I didn't want to cut that big a hole in the frig. It is also bordered on both side with stuff, and cutting the hole in the door seemed not good. There is little room on the top before the garage door would wack something, so that seemed the best place.


----------



## Kapidolo Farms (Apr 3, 2018)

I'll make a thread called "IncuKit DIY incubator" After I sort out a few more details.

The last installment here is from a question I posed to customer service and their response. It seems like they, as a fairly young company, got some growing pains to get over. Good thing I'm a customer to push that agenda.

My questions:
"In the instructions for setting the thermostat off the factory default of 99.5 there is the passage in the first paragraph (the last sentence) of the To Change Settings instructions " NOTE: you must completely exit from the "Change Settings" mode for the changes to go into effect."

Both myself and a colleague do not see any instruction on how to accomplish "completely exit" the change settings mode. 

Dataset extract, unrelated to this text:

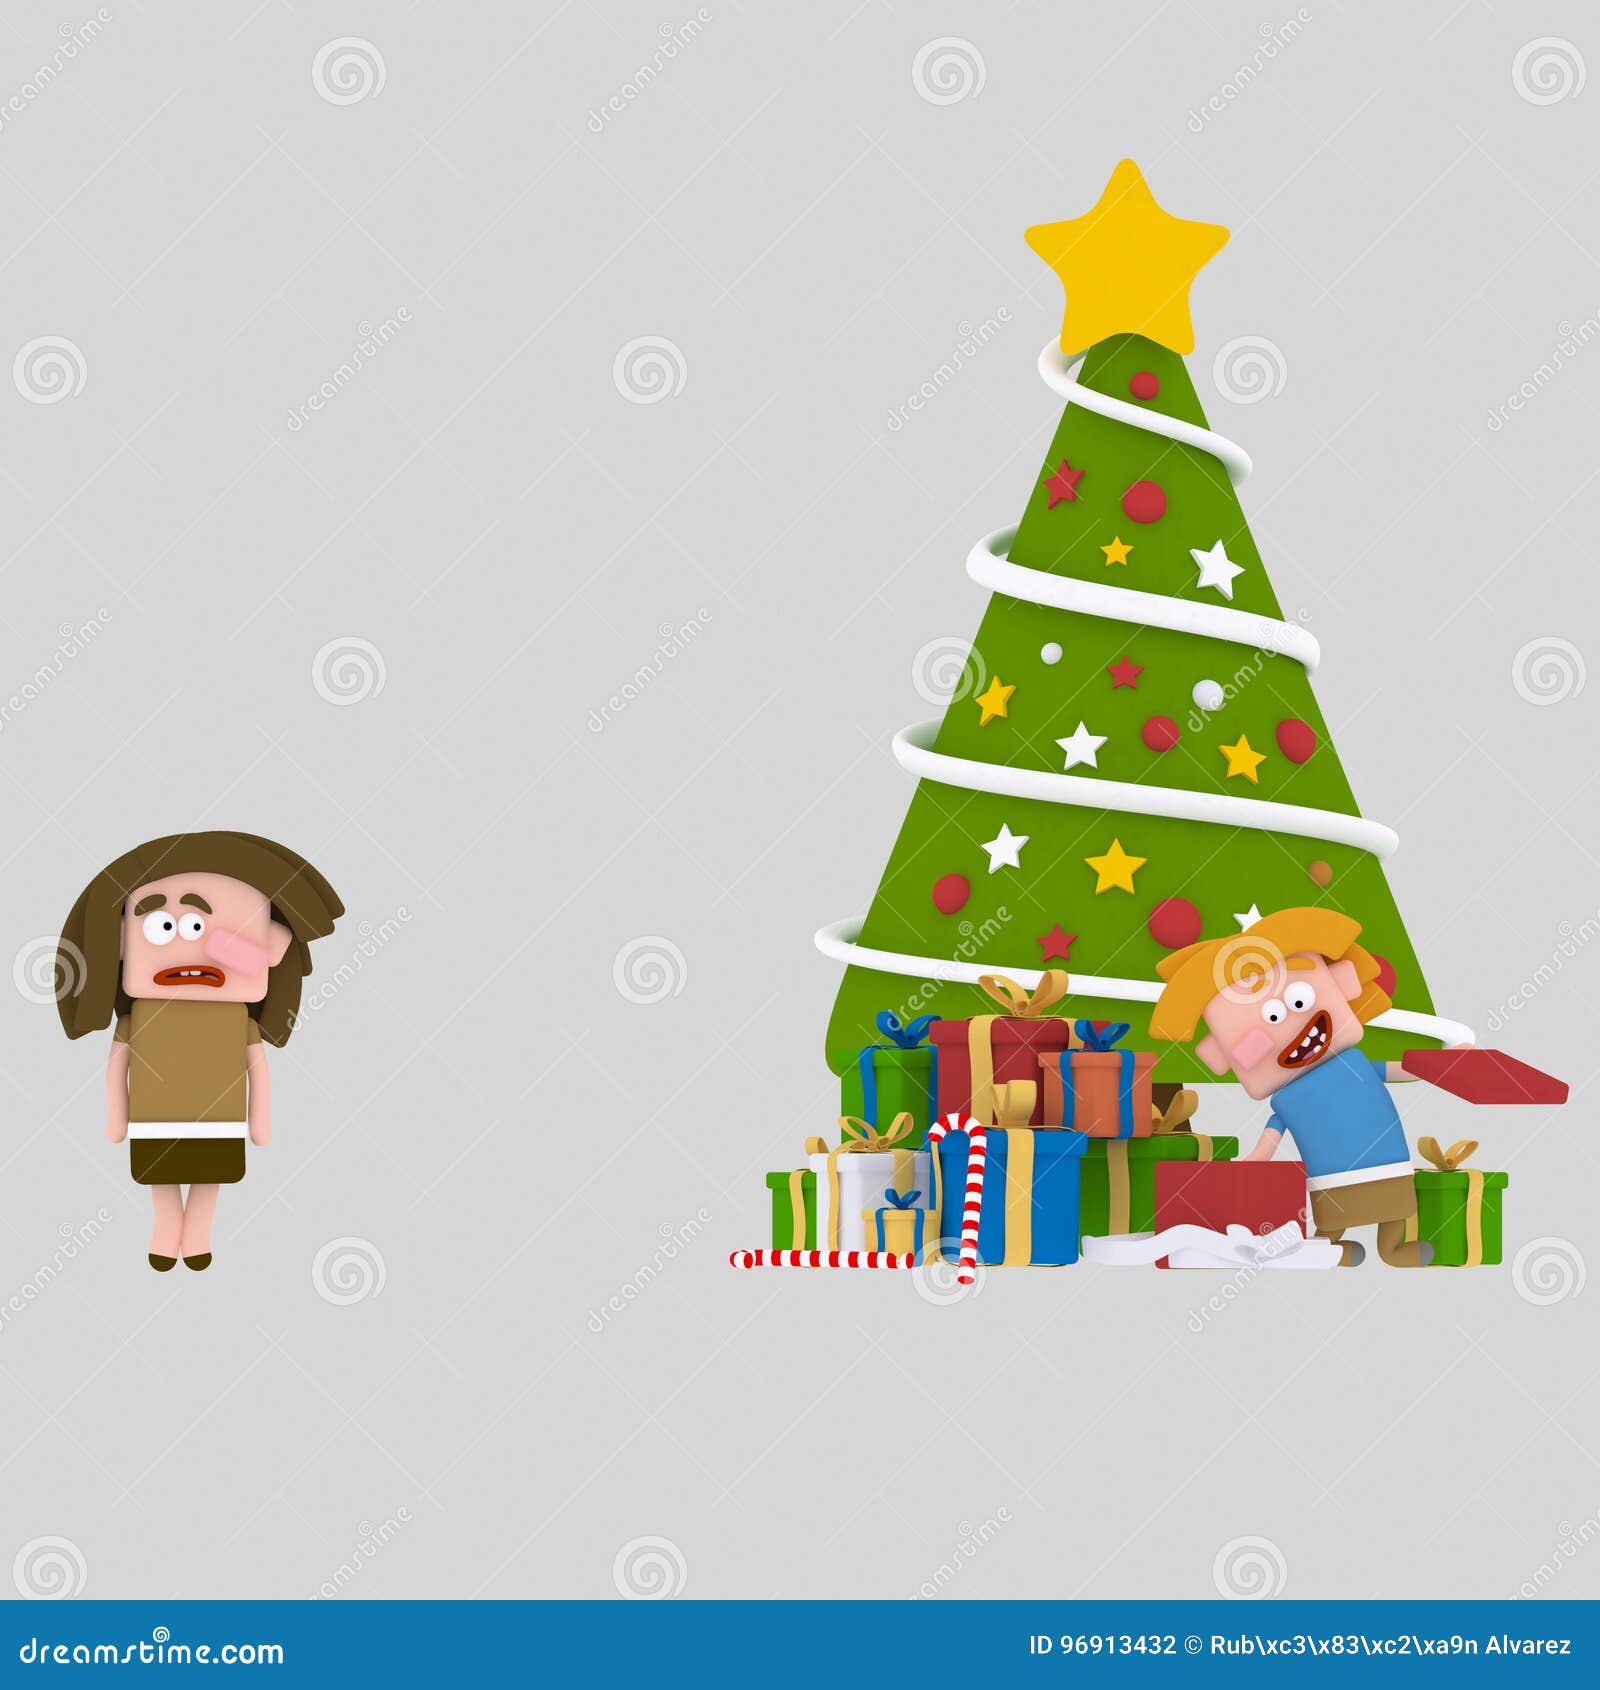 Regali Di Natale Ragazza.Ragazza Povera Senza Regali Di Natale 3d Illustrazione Di Stock Illustrazione Di Albero Triste 96913432
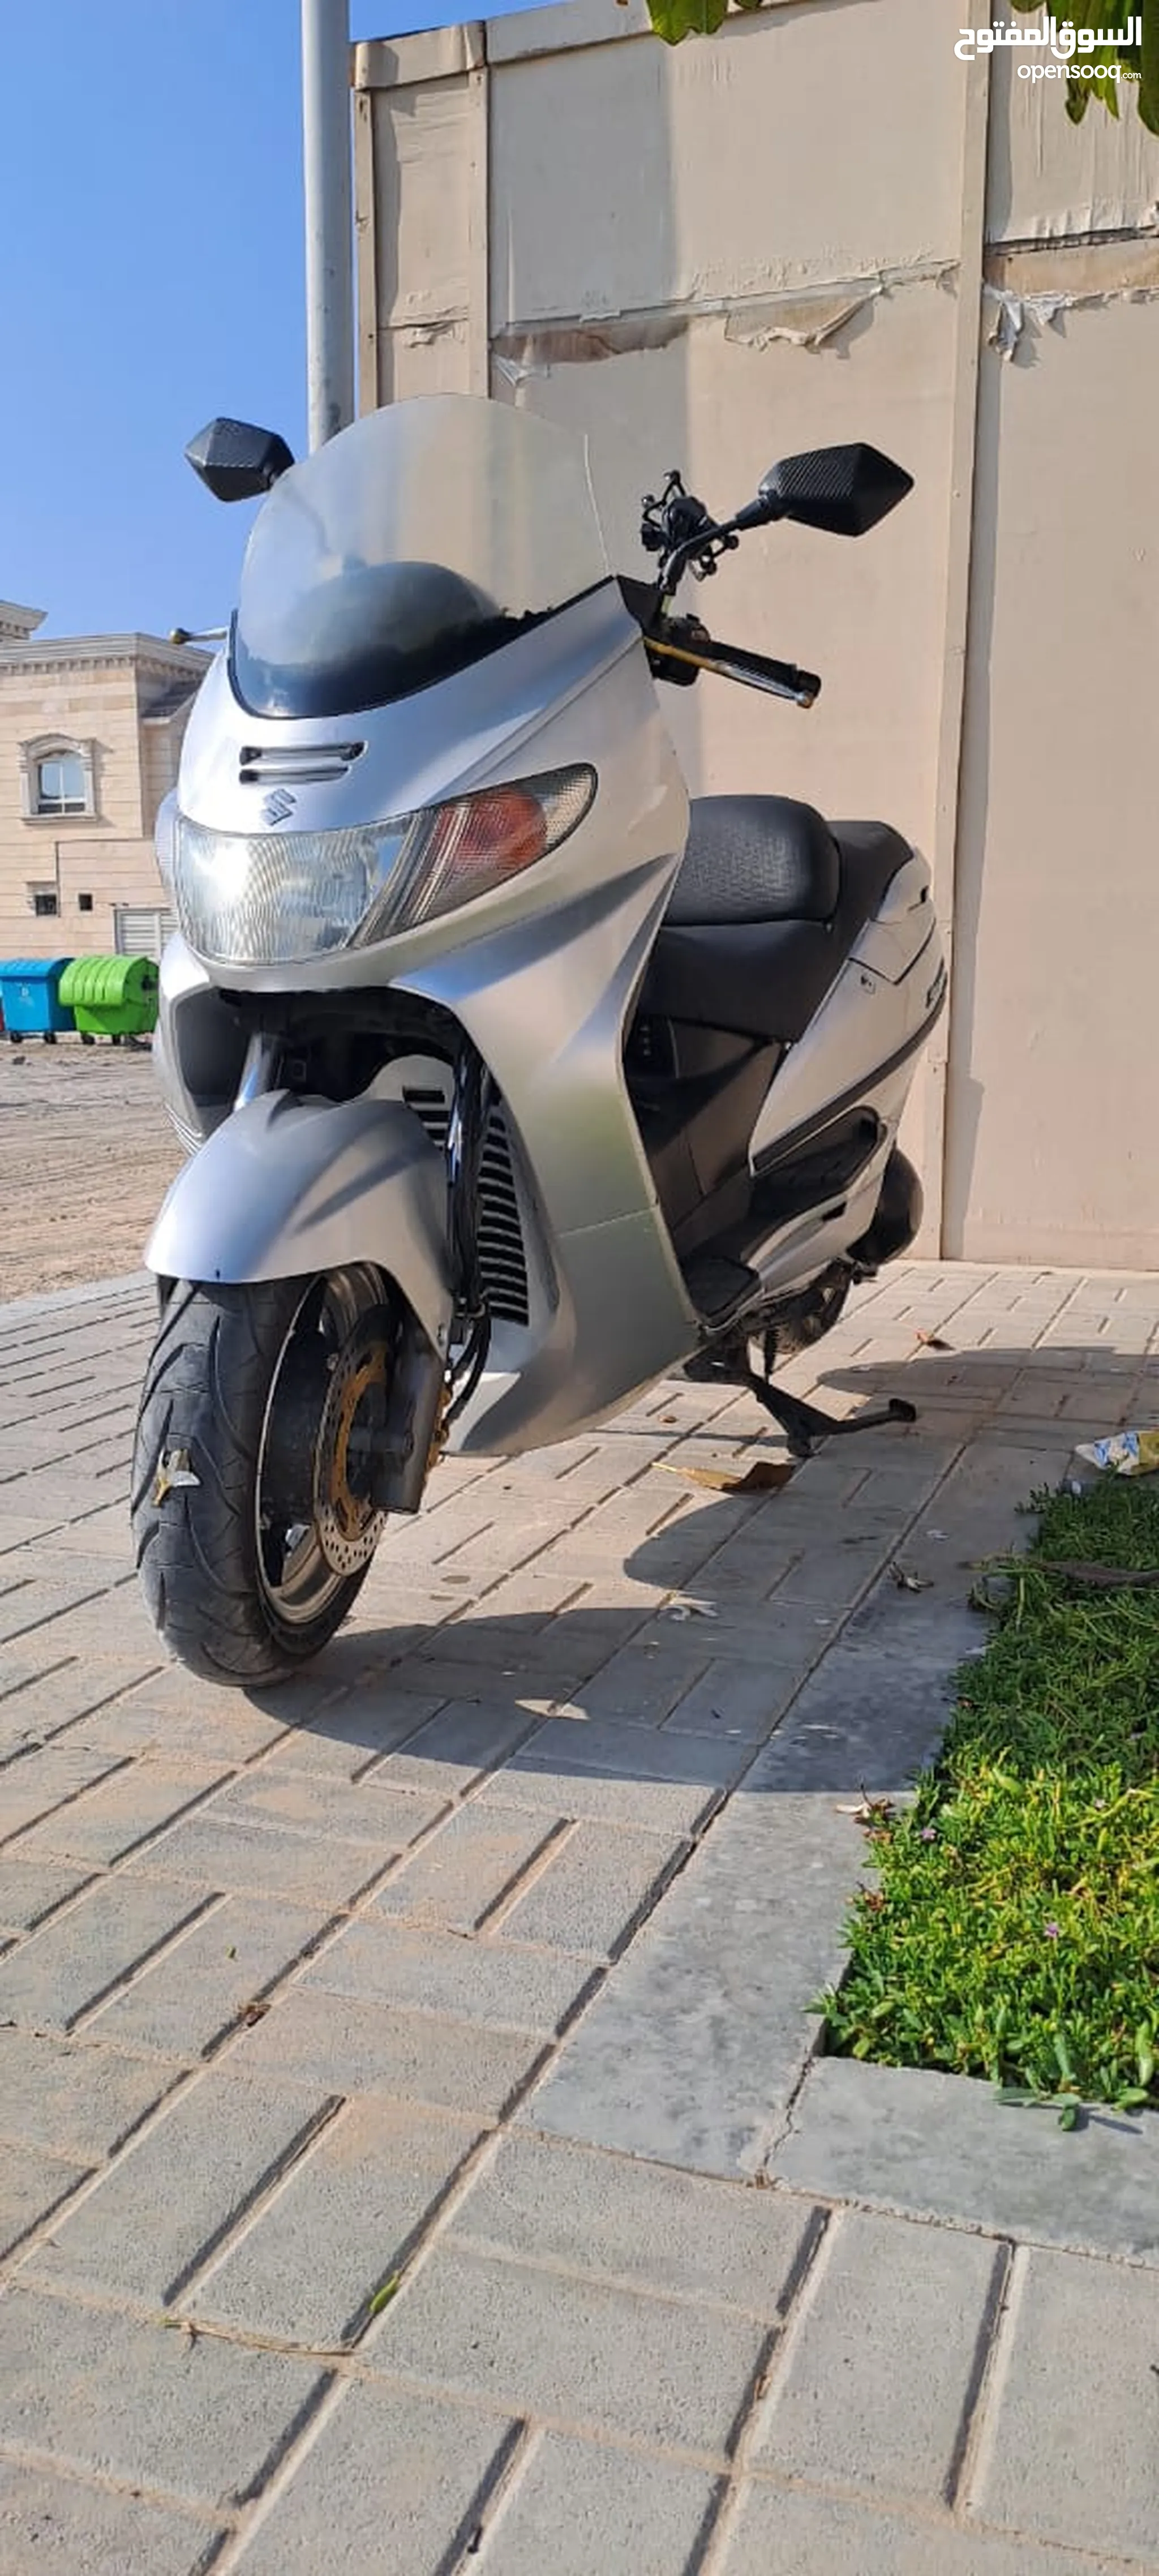 دباب سوزوكي أخرى للبيع في الإمارات : دراجات مستعملة وجديدة : ارخص الاسعار |  السوق المفتوح

The thermostat came with a reading of DC NTC in the first " + " use, not AC NTC as noted in the instructions.

Can I operate a small muffin fan using the egg turner controls?

Will"

Their response:
"Hi ,

To completely exit the settings menu all you need to do is press the minus button and scroll through all of the settings menu options until the screen reads "please wait". You could probably use the turner wiring and controls for a fan but we have never tried this so your results may vary.

Thanks,
Evan
IncubatorWarehouse Customer Service"

I have asked my wife and one colleague to read their instructions. In no way shape or form is Evan's response in the actual instructions. This to me this opens a whole can of worms about what else might be not well sorted out.

What kills me is that my "results may vary" from their what, they didn't try running a muffin fan from the controller/thermostat ?


----------